[What you have to do] From the material below, please set down exactly the lines starting with the one with "t-shirt - Fan Arch" and going on through the one with "aquarius zodiac sign.vintage horoscope card", without a single picture.

[Given information]
*** Block opens ***

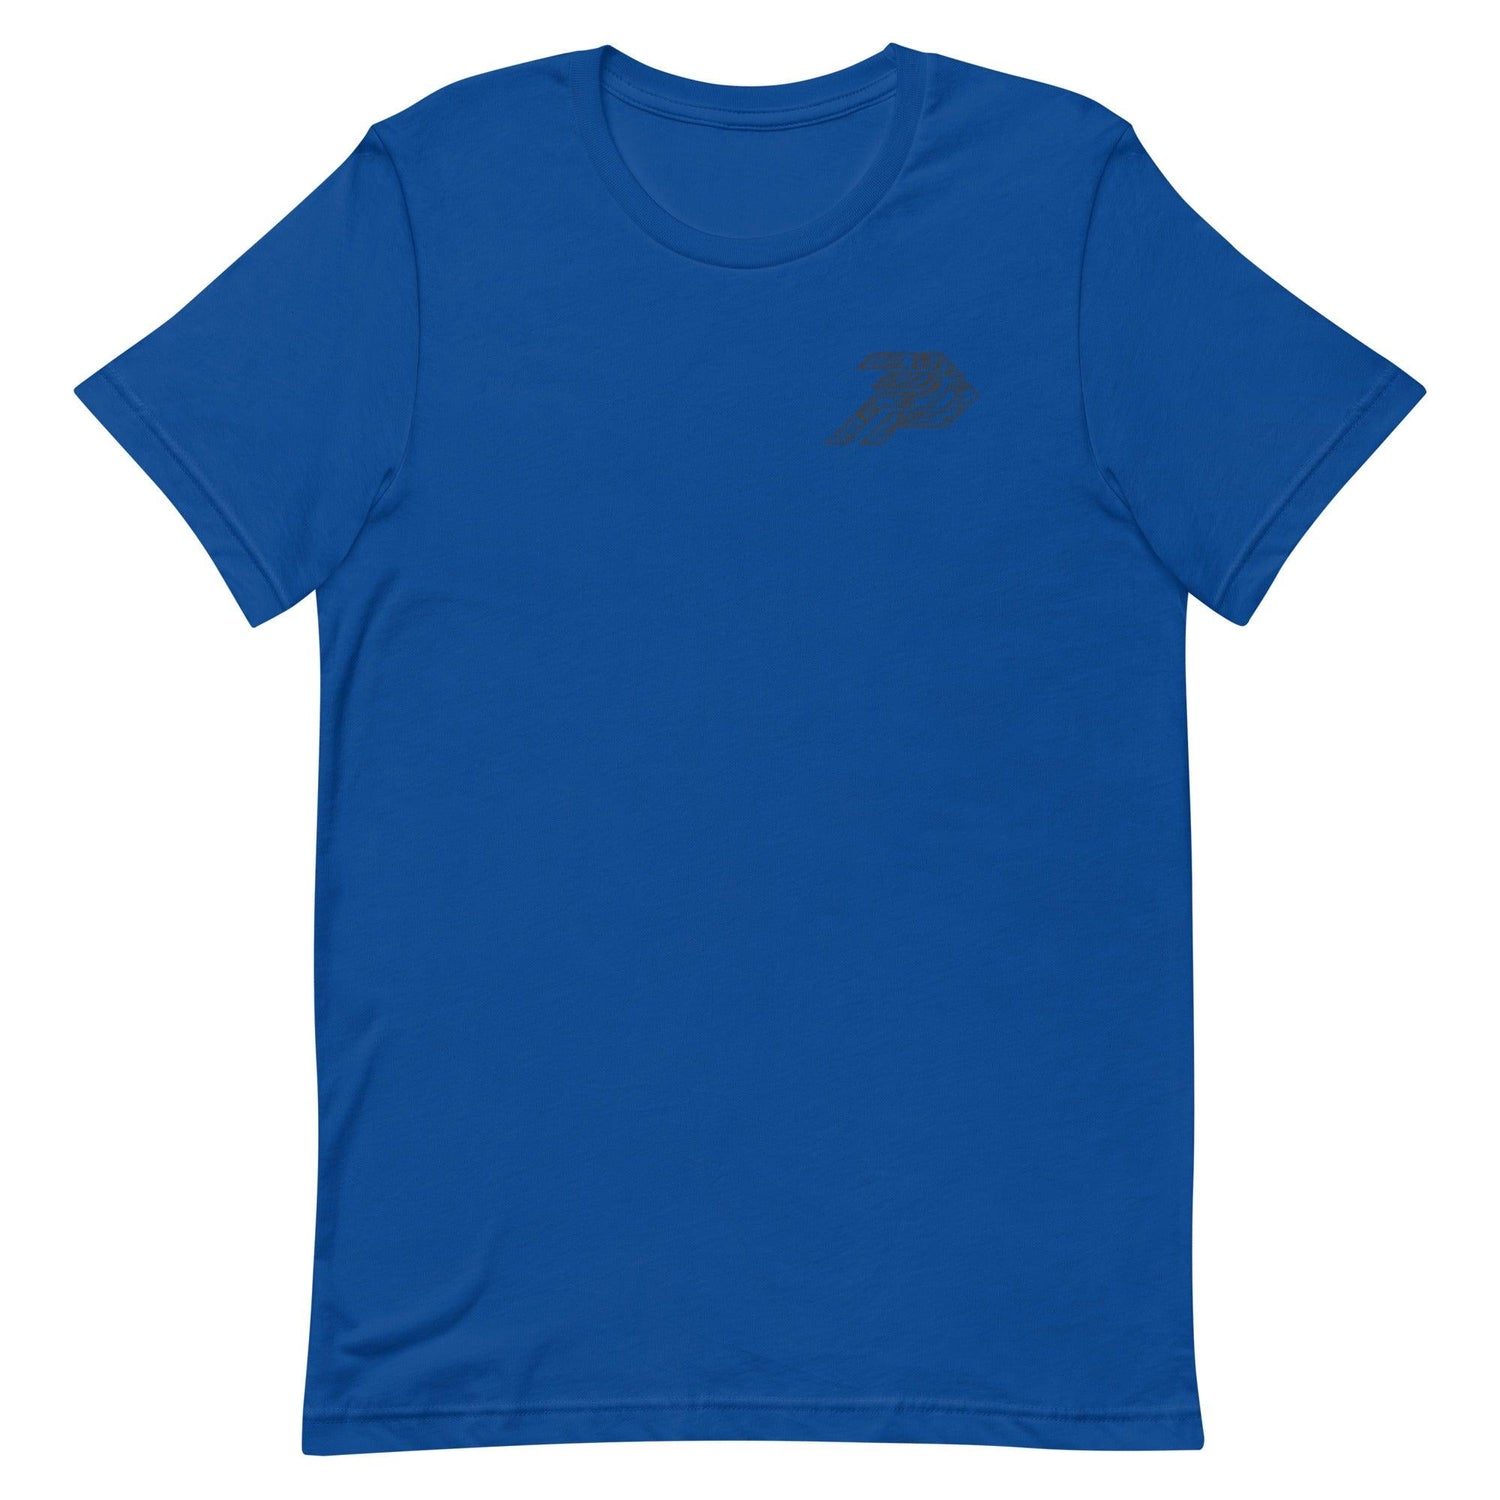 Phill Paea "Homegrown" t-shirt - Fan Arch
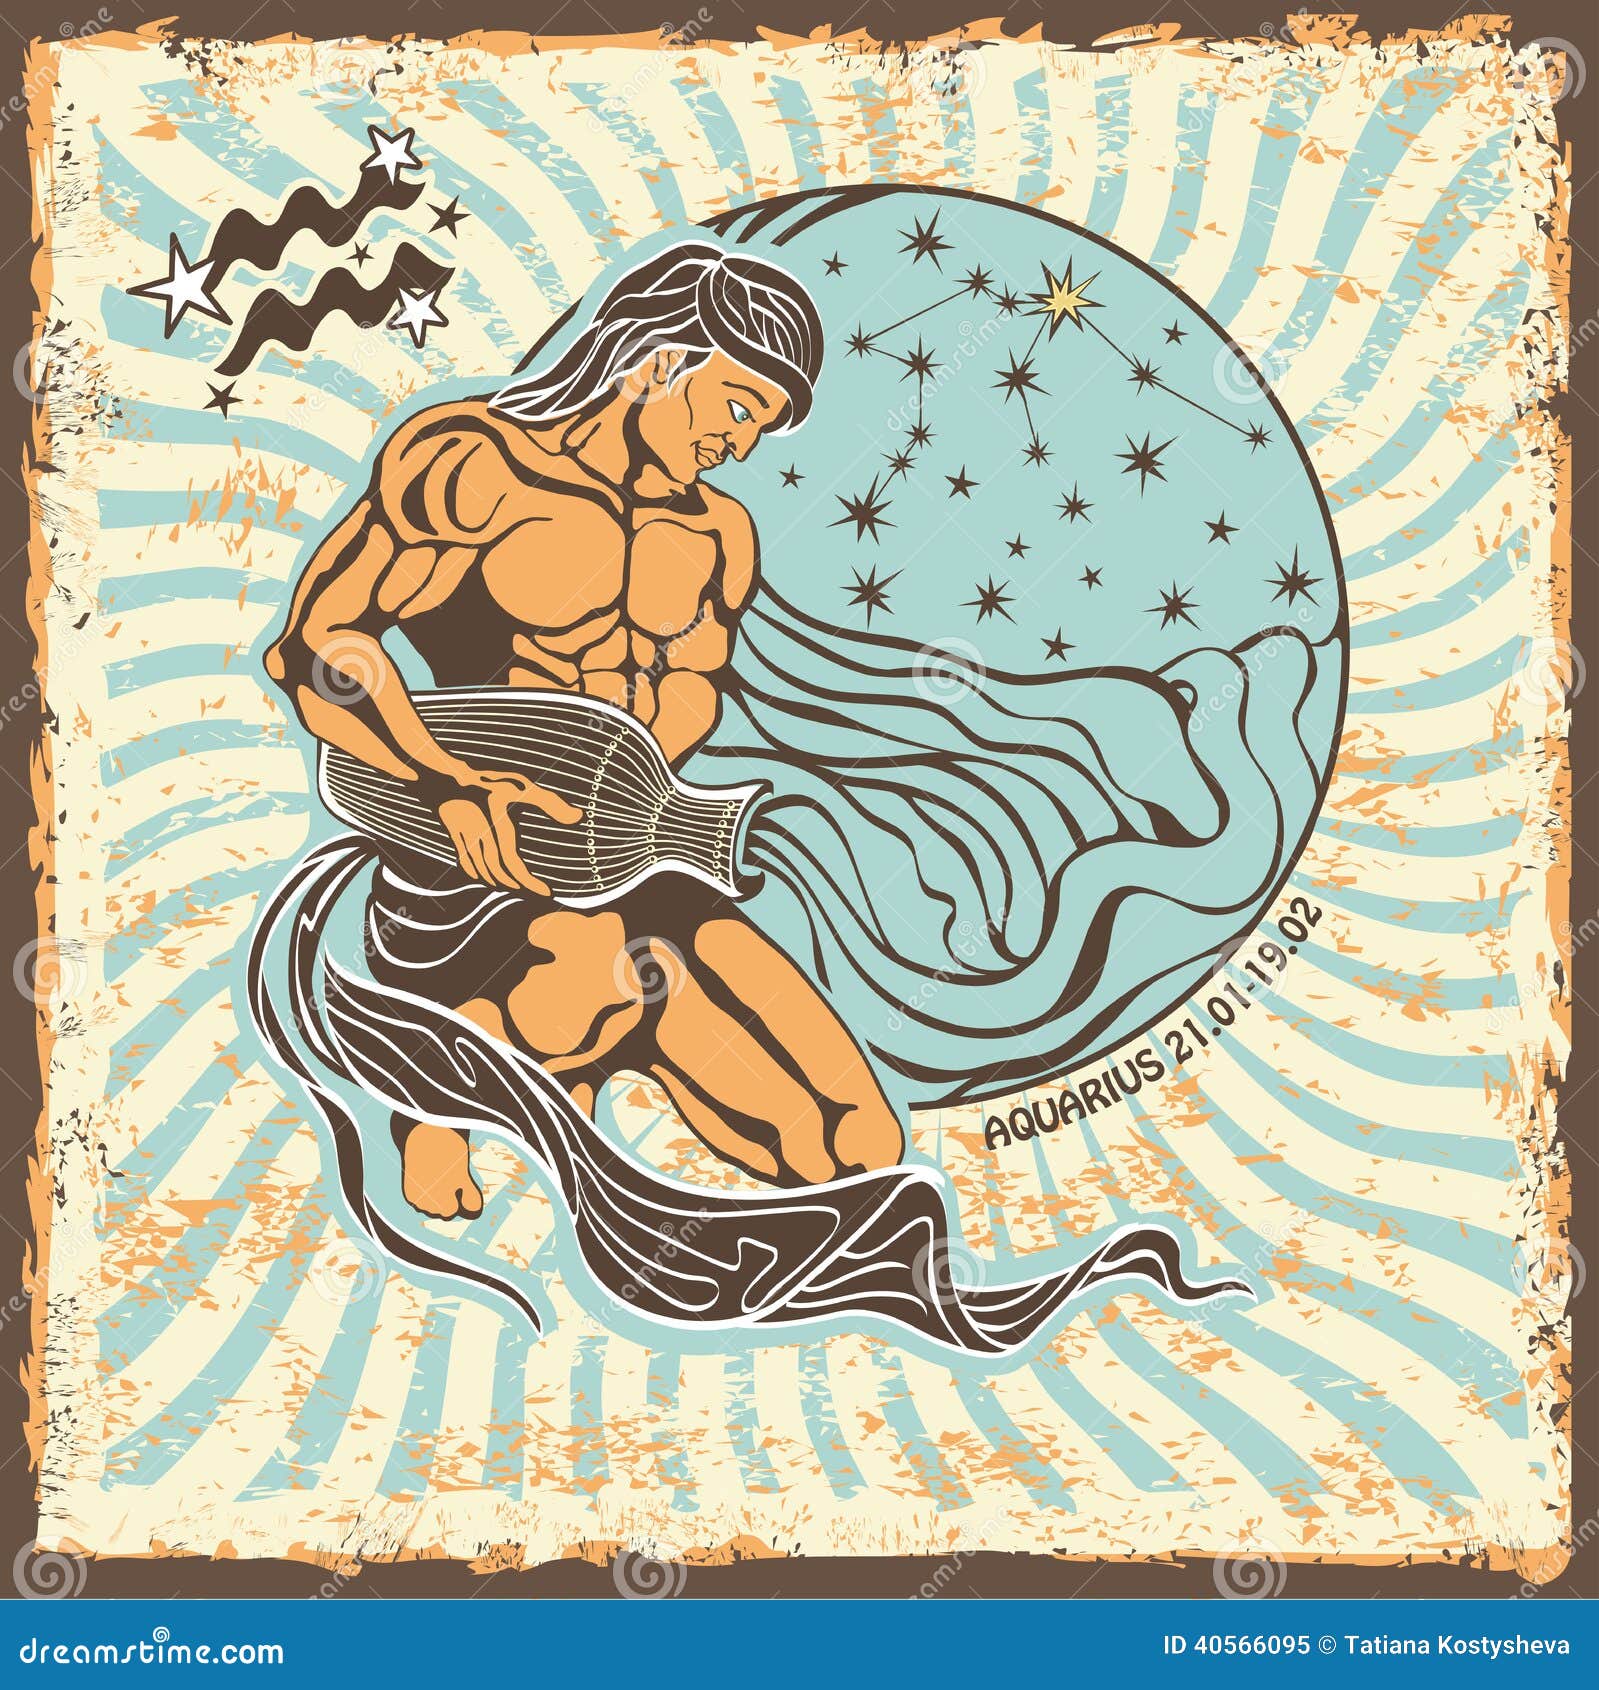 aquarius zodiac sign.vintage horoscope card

*** Block closes ***
*** Block opens ***

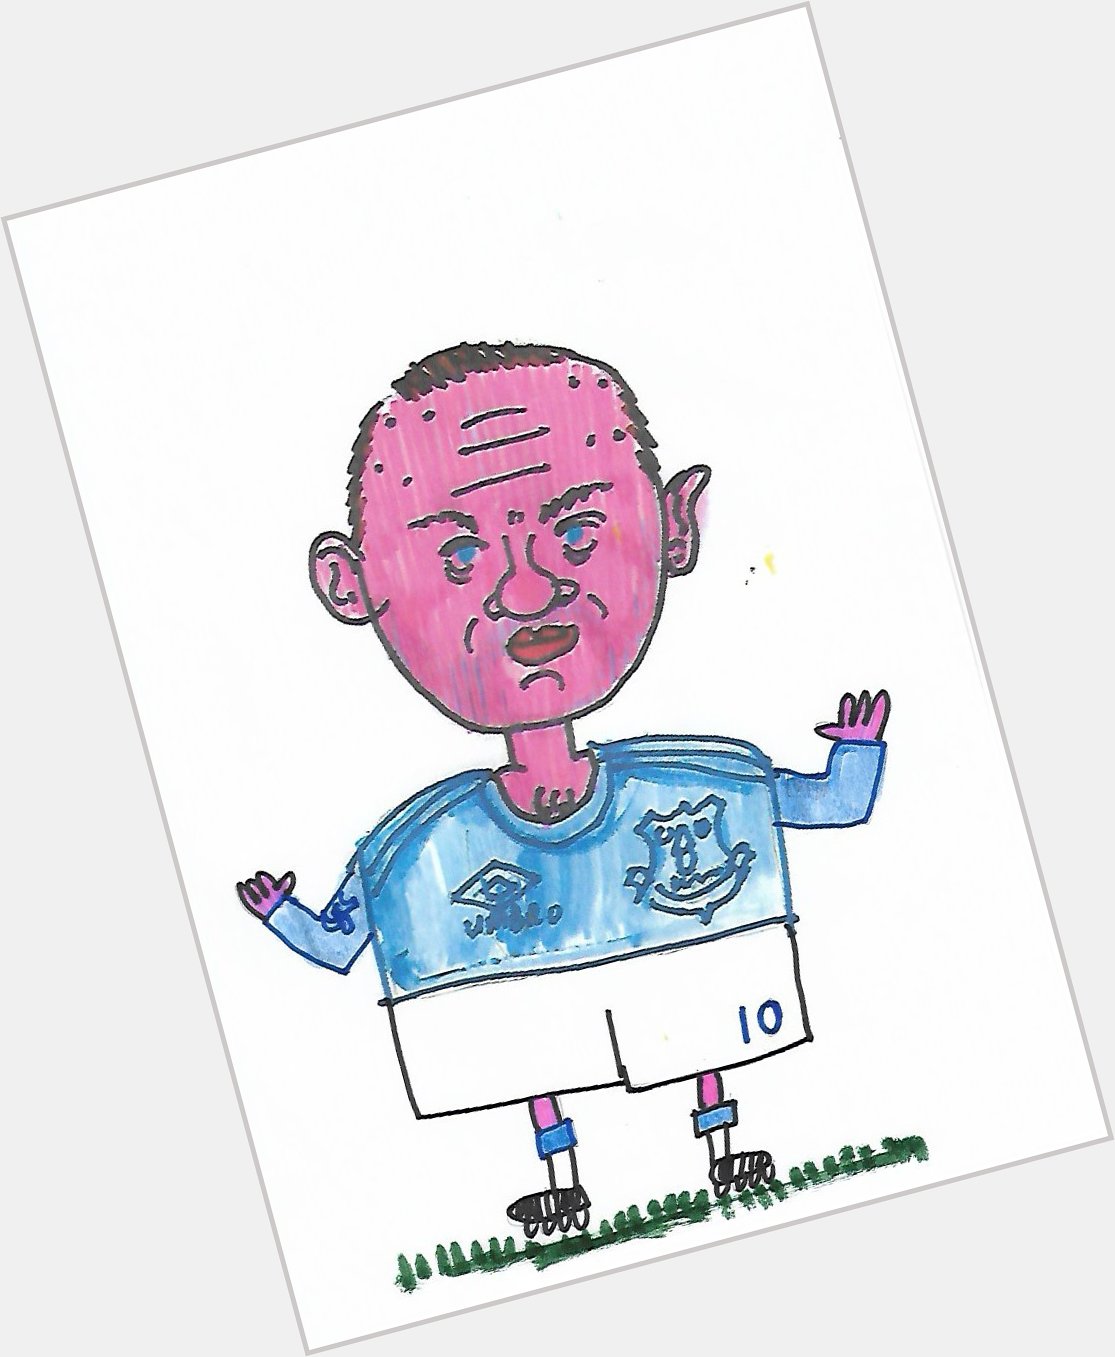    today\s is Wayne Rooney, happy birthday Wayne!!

*** Block closes ***
*** Block opens ***

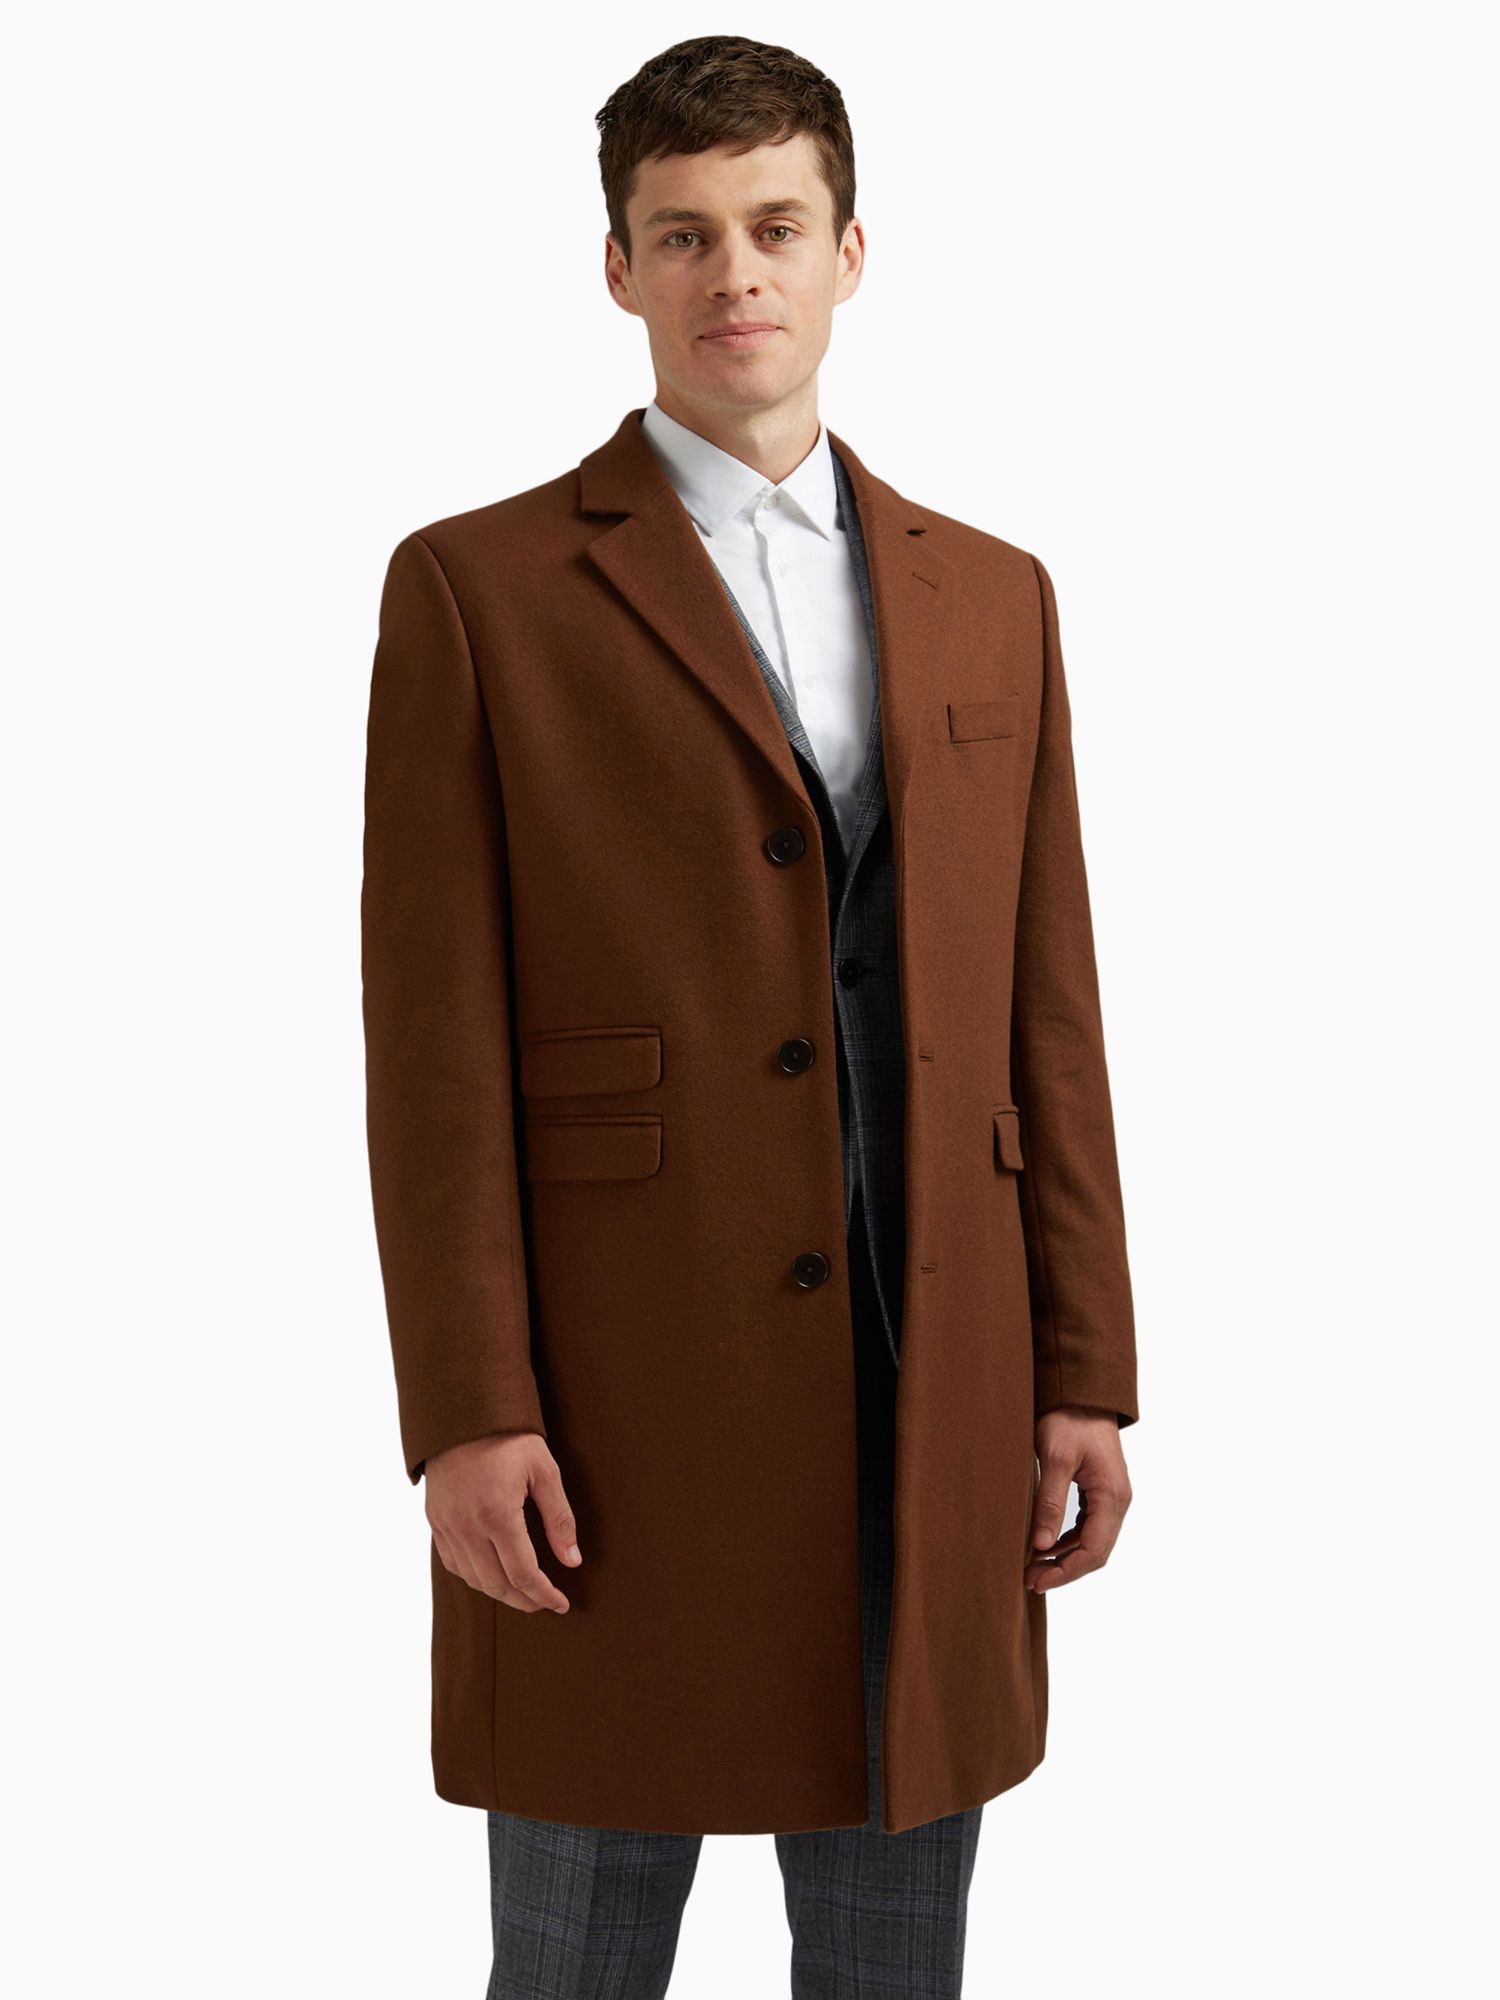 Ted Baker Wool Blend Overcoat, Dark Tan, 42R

*** Block closes ***

[Result of the exercise]
 Phill Paea "Homegrown" t-shirt - Fan Arch
 aquarius zodiac sign.vintage horoscope card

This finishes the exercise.